The slow progress of ride-hailing company Uber to electrify its European fleet demonstrates why corporate pledges are “no substitute” for government action, says the NGO Transport & Environment (T&E) in a new analysis.

An Uber taxi in Romania. (Photo by Vlad Ispas via Shutterstock)

Last year, Uber announced that 50% of all kilometres driven by its taxis across seven European cities would be emissions-free by 2025. Currently, an average of less than 5% of kilometres driven are by fully electric vehicles, the analysis states.

Two cities in the lead are Lisbon and London, with 9% and 6% of Uber’s kilometres fully electric, respectively. Paris (1%), Madrid (0.15%), Berlin (0.55%) and Brussels (0.01%) are lagging, with almost no electric cars on offer for passengers.

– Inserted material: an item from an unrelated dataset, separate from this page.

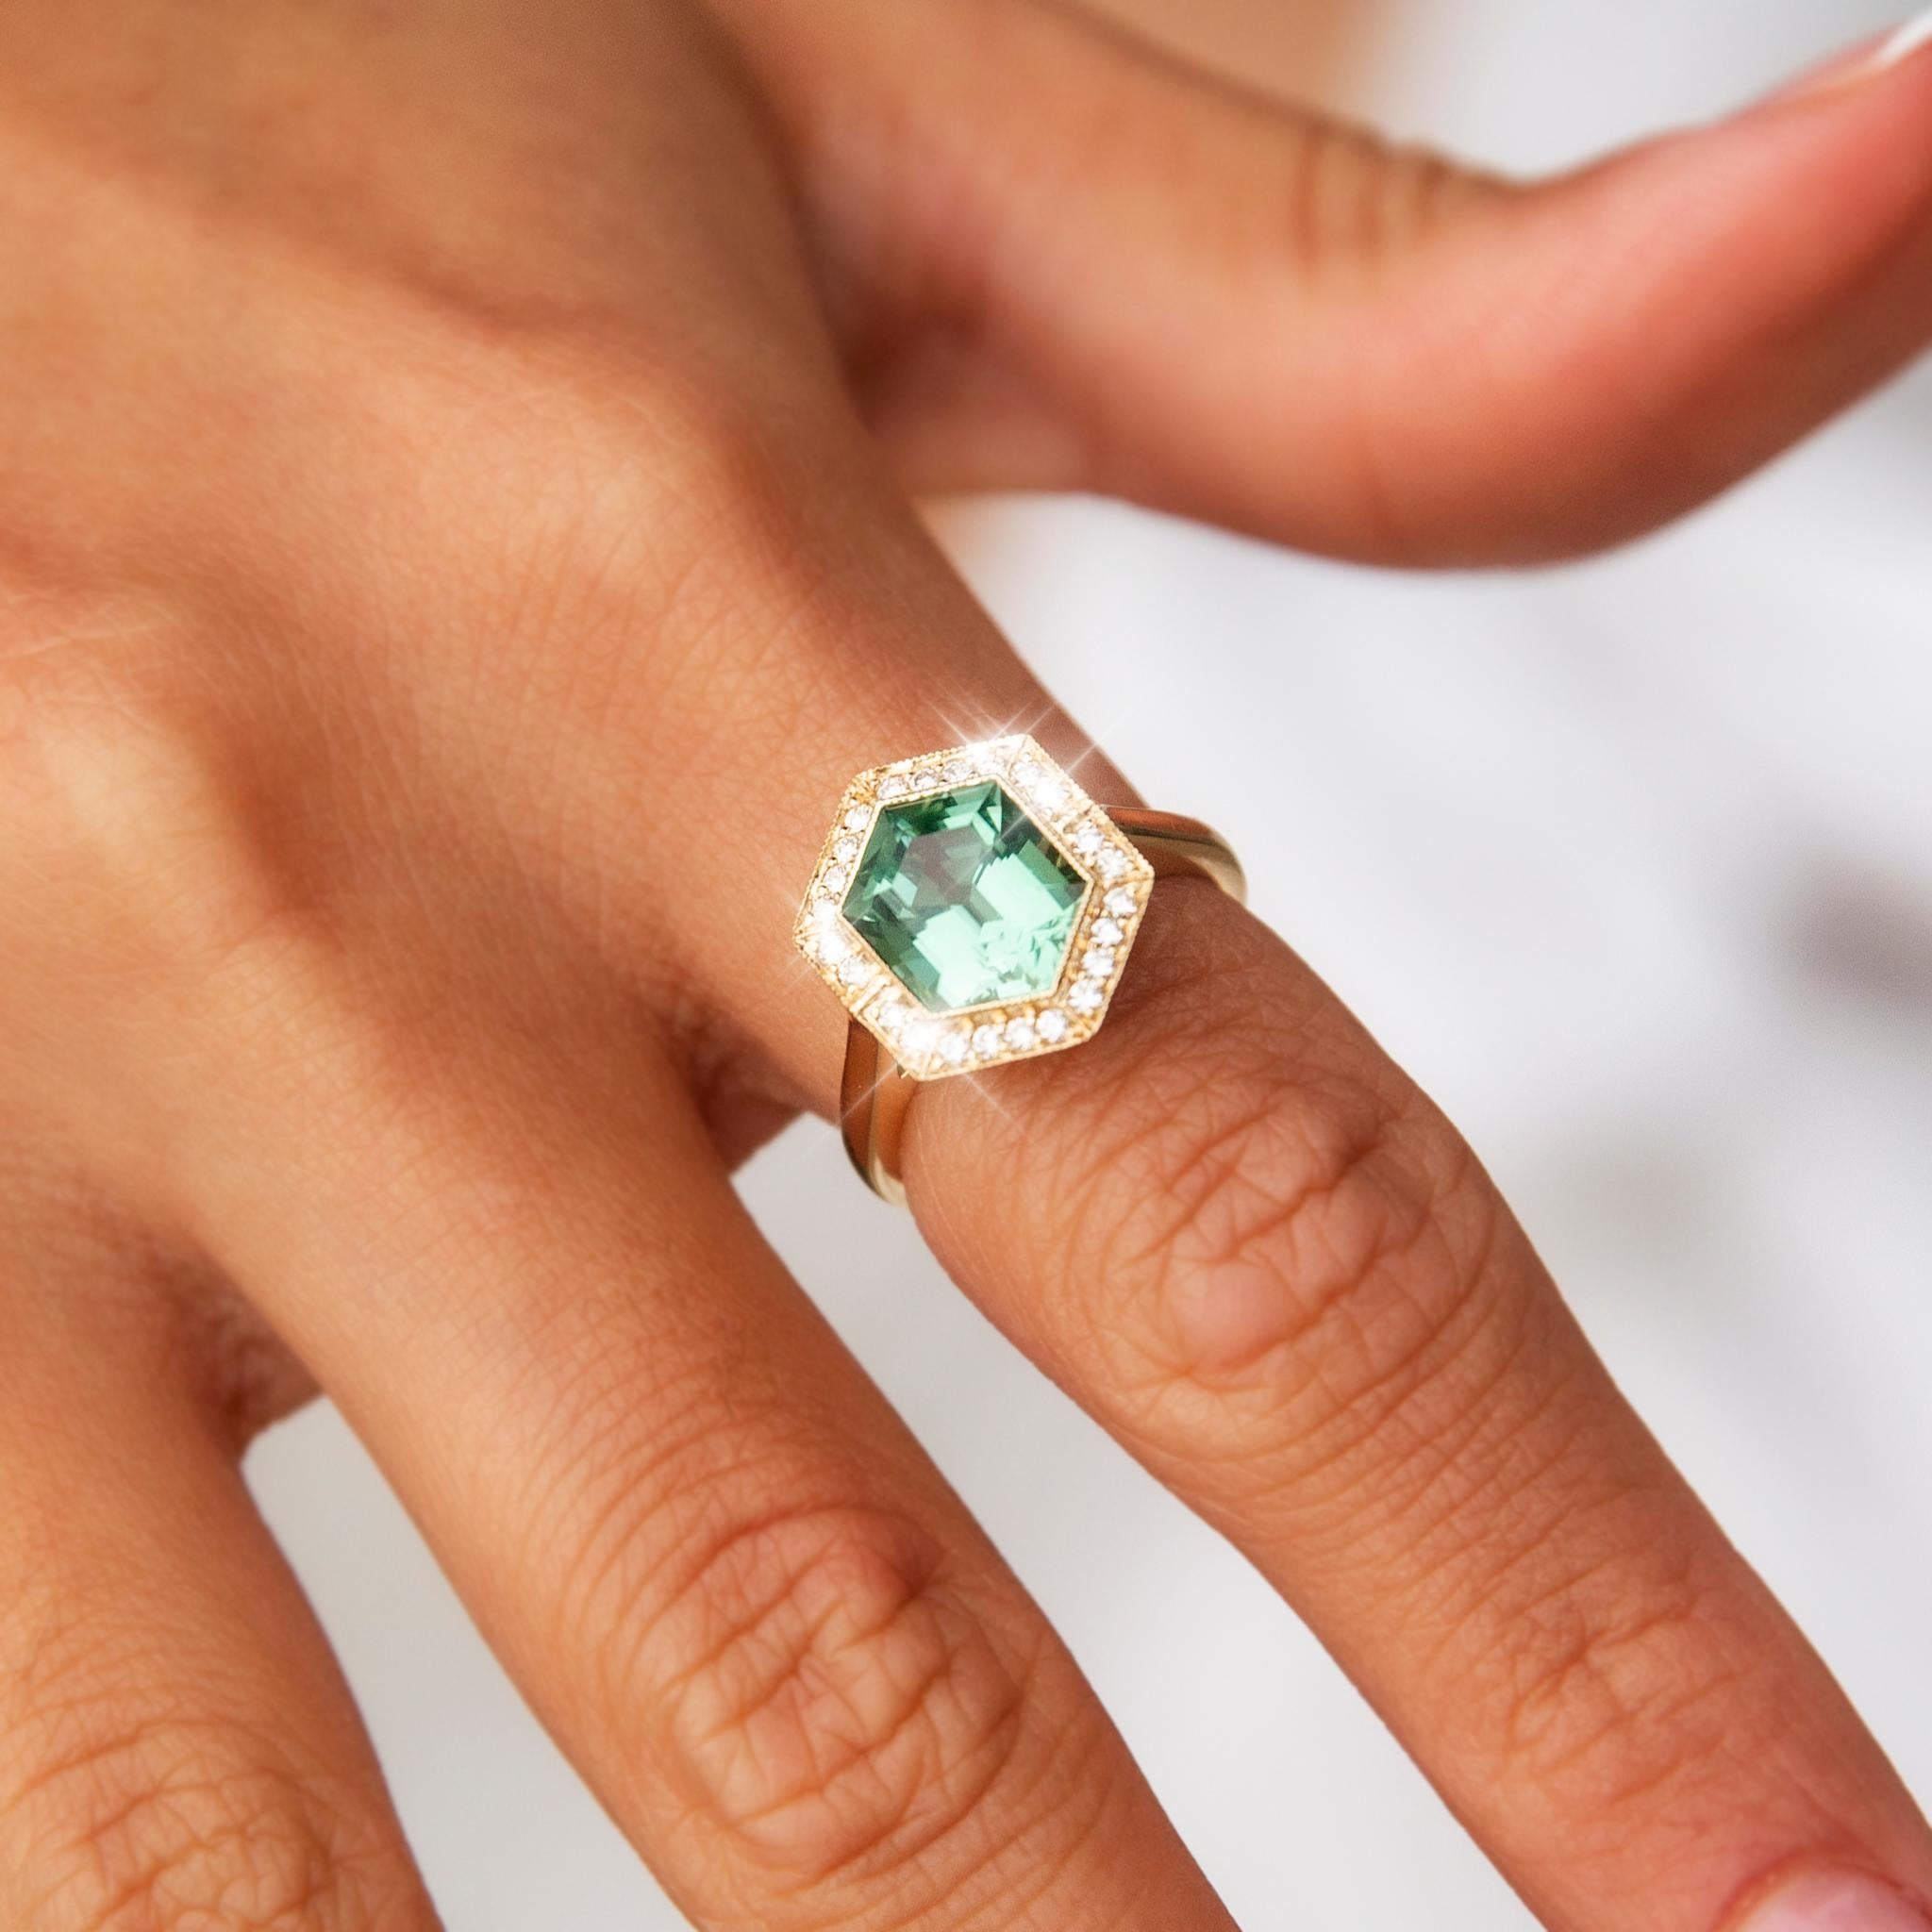 Crafted with love and care in 18 carat yellow gold, this lovely contemporary ring features a gorgeous mint green hexagonal cut tourmaline at the centre of an elegant basket setting with a gleaming border of bead set round brilliant and princess cut

The Portuguese, British and Dutch capitals’ governments require private fleet operators to go electric between now and 2025, explaining the higher figures in these cities. Where no regulatory push yet exists – in Brussels or Berlin – Uber has done little to progress, the analysis states.

Such slow progress highlights the inadequacy of corporate pledges alone, and T&E calls on all city authorities to require high-mileage fleets in urban areas to be made up of zero-emission vehicles from 2025.

City and national governments must also improve charging infrastructure to ensure that affordable charge points are widely available, the analysis concludes.